Amdahl’s law and parallel scaling for understanding how serial fractions limit speedup.

You should be comfortable launching async kernels, using cudaStreamSynchronize, and reasoning about serial bottlenecks. Everything here extends those ideas to the full CPU+GPU system.

The heterogeneous model

A GPU is not a replacement for a CPU. It is a co-processor. The CPU handles control flow, I/O, memory management, OS interaction, and irregular workloads. The GPU handles data-parallel computation: the same operation applied to millions of elements. Production systems use both processors simultaneously, each doing what it does best.

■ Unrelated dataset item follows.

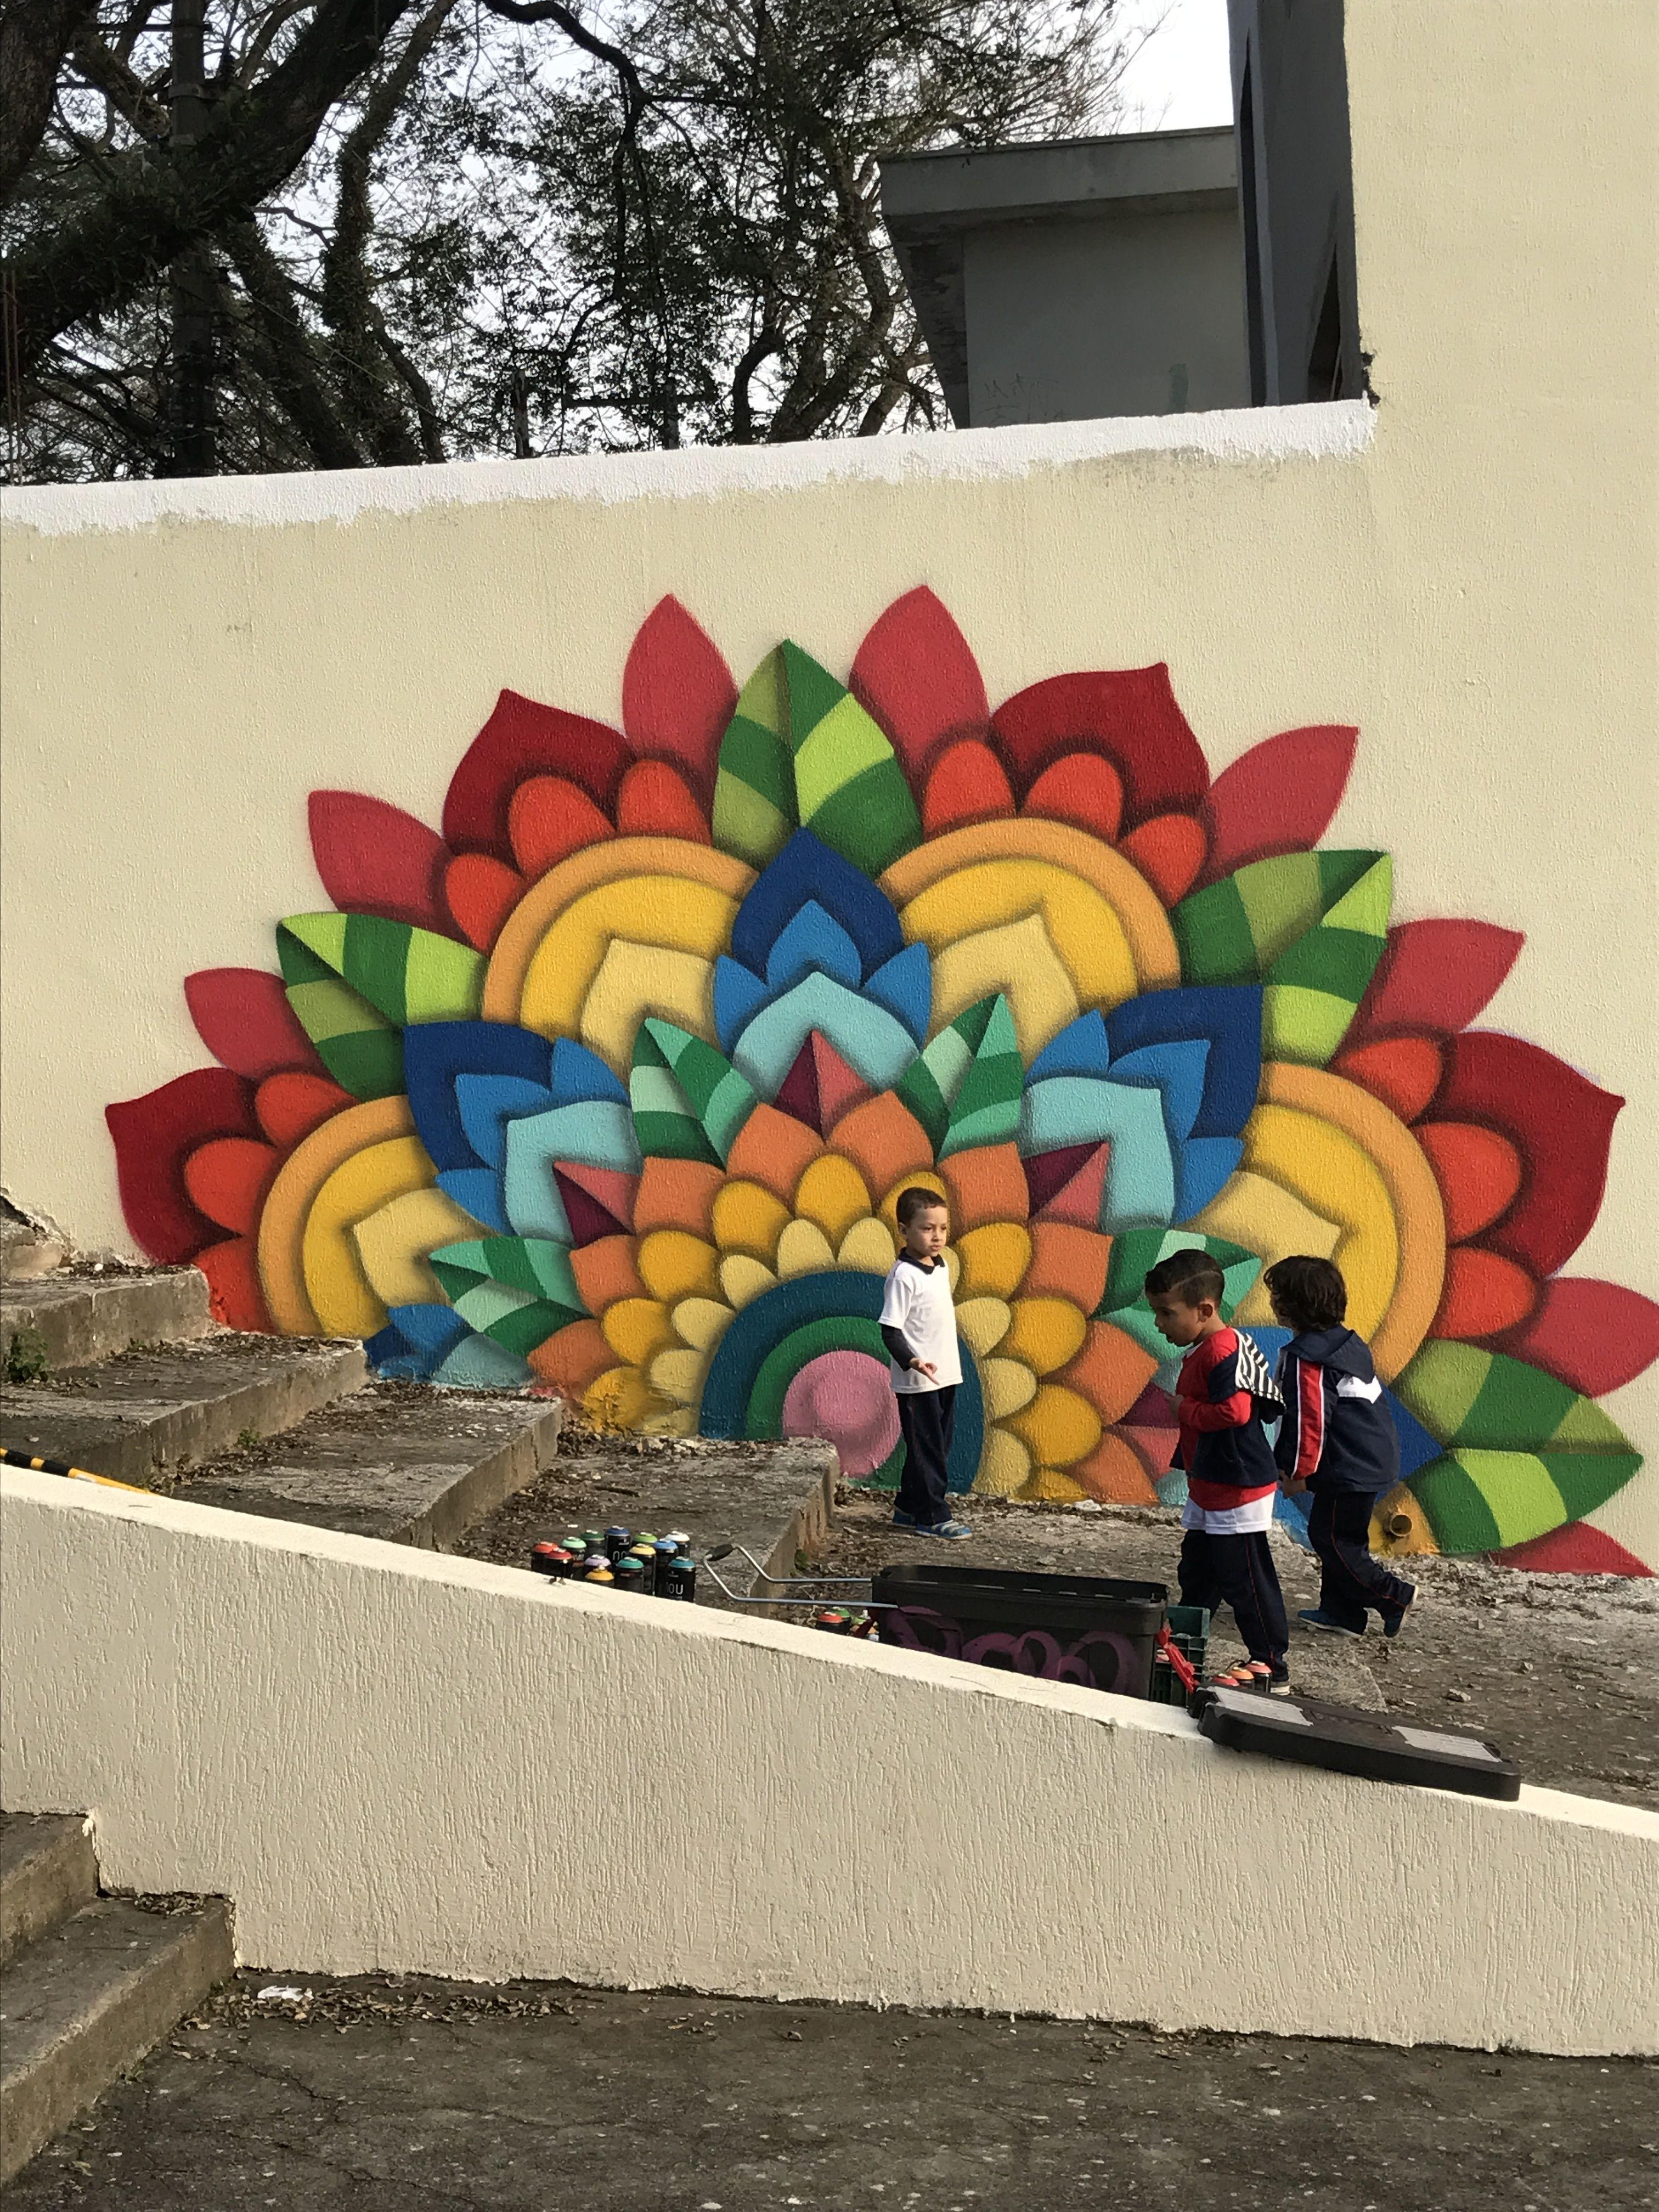 Pin de k ro vlv en mandala en 2019 parement mural - Paredes pintadas originales ...

This division is not optional. A GPU cannot open a file, parse JSON, or manage a network socket. A CPU cannot sustain 10 TFLOPS on dense matrix math. Treating the system as a single homogeneous device wastes one side or the other.

The programming model reflects this split. The CPU (host) launches work on the GPU (device), manages data movement, and coordinates synchronization. The GPU executes kernels and signals completion. The critical design question is not “CPU or GPU?” but rather “what runs where, and how do we keep both busy?”

Deciding what runs where

Not every computation benefits from GPU offloading. The decision depends on three factors: parallelism, data volume, and transfer cost.

GPU-friendly work:

✓ Data-parallel operations (element-wise transforms, reductions, matrix ops)
✓ Large data sets (millions of elements)
✓ High arithmetic intensity (many FLOPs per byte transferred)
✓ Regular memory access patterns (coalesced reads/writes)

CPU-friendly work:

✓ Control-heavy logic (branching, state machines, recursion)
✓ Small data sets (thousands of elements or fewer)
✓ I/O-bound tasks (file reads, network calls, database queries)
✓ Irregular memory access (pointer chasing, graph traversal)
✓ Tasks with heavy OS interaction (thread management, signals)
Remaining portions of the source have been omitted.